By Vihaan Patel (Vihaan Patel covers the intersection of travel and digital payments — Indian OTAs, airline-direct booking flows, UPI vs credit-card surcharges, RBI tokenisation rules and the booking-funnel mechanics that quietly cost (or save) you money.) · Published · 10 min read

MakeMyTrip's Myra 2.0 and ixigo's Tara are the two most-marketed AI chatbots in Indian OTA land right now. I ran both through identical search scenarios on IndiGo and Air India routes to see which one actually saves you time — and money.

TL;DR — which one wins?

For natural-language query handling, Myra 2.0 edges ahead — it handles multi-condition queries ('cheapest IndiGo flight from Delhi to Mumbai next week, morning only, under ₹4,000') more reliably than Tara, which sometimes defaults to a generic search results page instead of answering directly. Tara's edge is train+flight comparison and its price-trend charts, which are genuinely useful for planning. Neither chatbot should be your only search tool — both have blind spots, and neither is consistently cheaper than going direct to the airline for a clean one-way booking.

What I actually tested — the methodology

I ran both chatbots through eight search scenarios over three days in June 2026, keeping notes on response quality, number of clarifying questions asked, speed to first result, and whether the quoted price matched the booking page. The routes were chosen to be realistic for Indian travellers — not edge cases designed to trip up the bot:

  1. Delhi (DEL) to Mumbai (BOM), IndiGo, next Saturday, morning flights only.
  2. Bangalore (BLR) to Chennai (MAA), Air India, cheapest in the next 2 weeks.
  3. Mumbai (BOM) to Goa (GOI), any airline, under ₹3,500 one-way in July.
  4. Delhi to Dubai, any airline, roundtrip in October under ₹35,000.
  5. Kolkata to Singapore, Air India, first week of December.
  6. Hyderabad to Jaipur, no direct, suggest best connection.
  7. Bangalore to London, cheapest routing, any month between October and December.
  8. What is the current baggage allowance on IndiGo for domestic flights?

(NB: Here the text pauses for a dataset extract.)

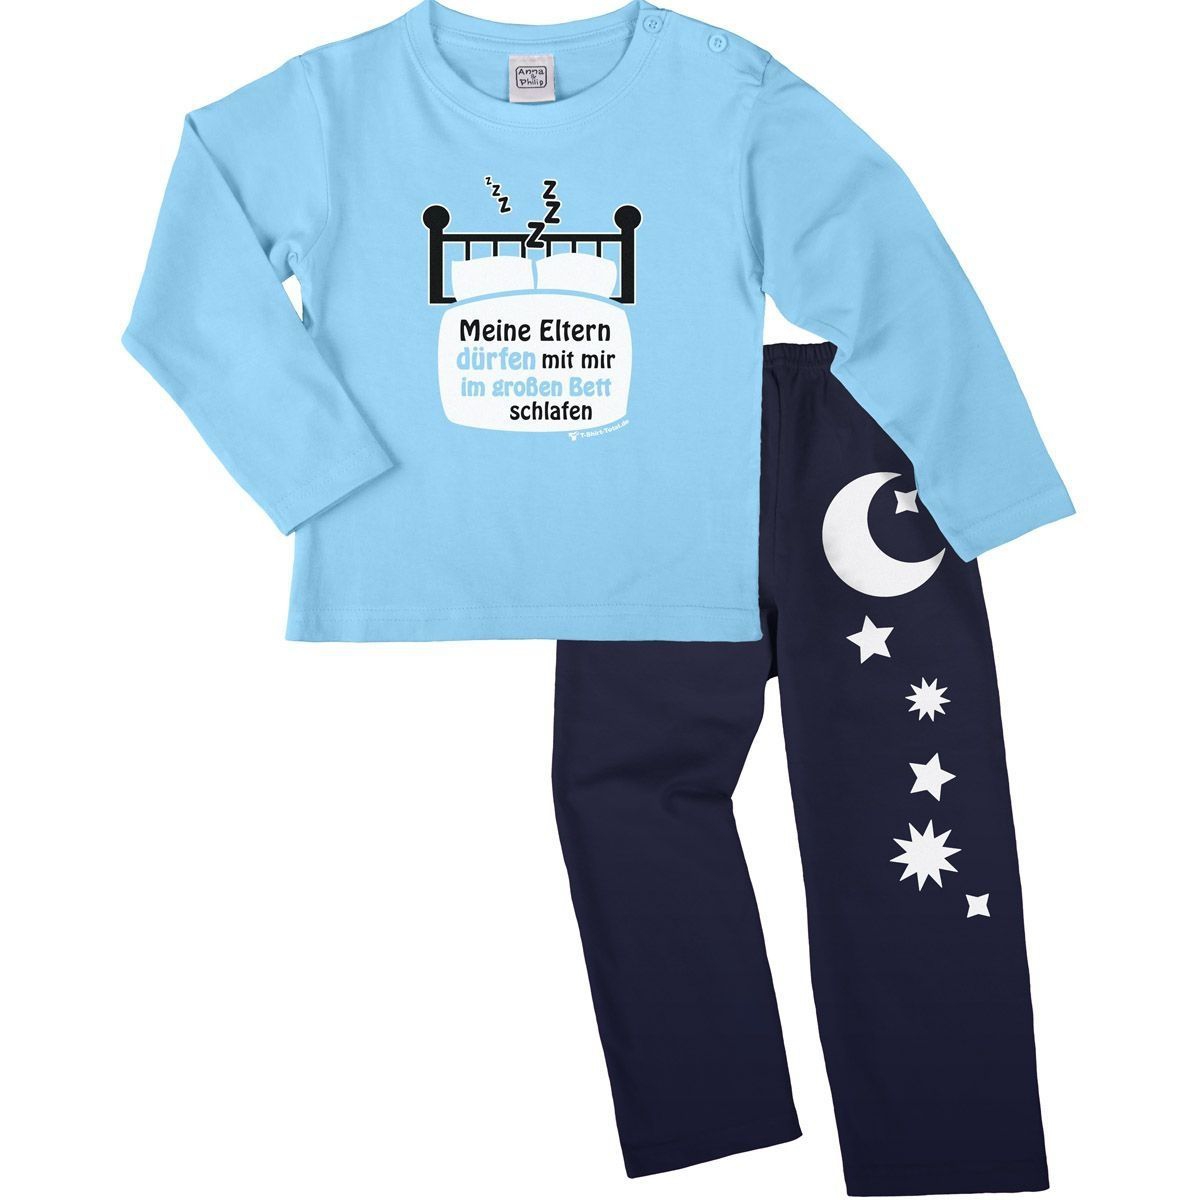 Im großen Bett schlafen Pyjama Set hellblau / navy 110 / 116

Scenario 8 was a curveball — factual recall, not a search query. It caught both chatbots in slightly different ways.

Myra 2.0: what it does well and where it stumbles

MakeMyTrip launched Myra as a GPT-powered assistant embedded in its app in 2023 and has iterated to Myra 2.0, which has access to MMT's live inventory. On straightforward searches (scenarios 1, 2, 3), Myra was fast — it returned a filtered result set in about 4–6 seconds and the prices matched the booking page within about a 3–5% range (dynamic pricing means a lag between query and final checkout price is unavoidable on any platform).

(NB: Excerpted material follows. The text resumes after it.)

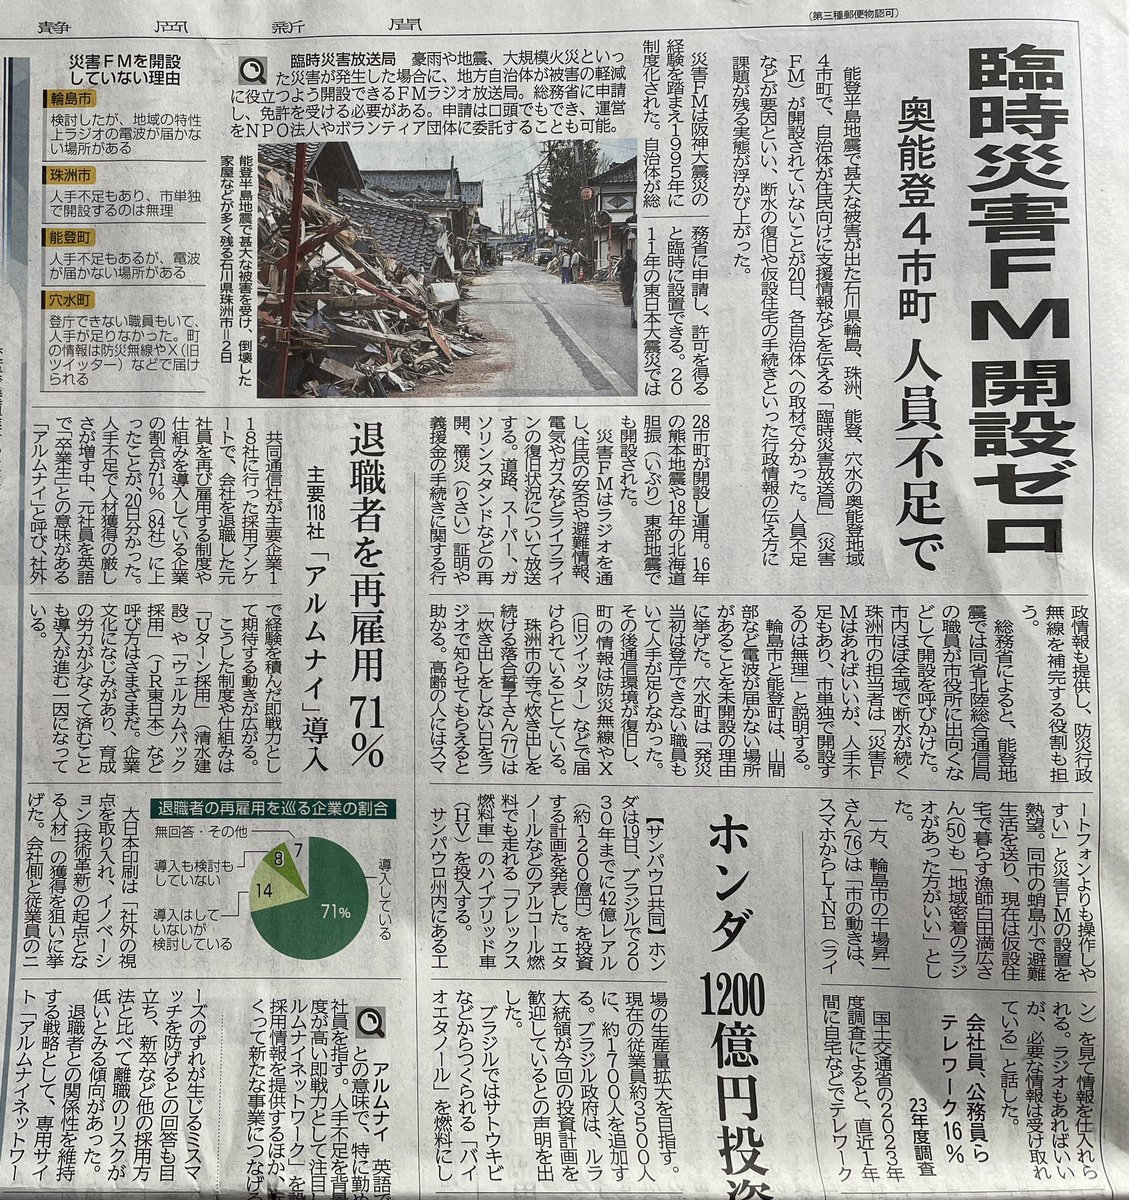 今朝の静岡新聞。
コミュニティFMで四半世紀喋ってきて、改めて考えさせられる。

Where Myra genuinely impressed me was scenario 4 — the Delhi–Dubai roundtrip with a budget constraint. It surfaced an IndiGo itinerary and two Air India options, explained why one Air India fare was excluded (it exceeded the budget I specified), and flagged that October fares on that route are volatile. That's actually useful contextual output, not just a sorted list.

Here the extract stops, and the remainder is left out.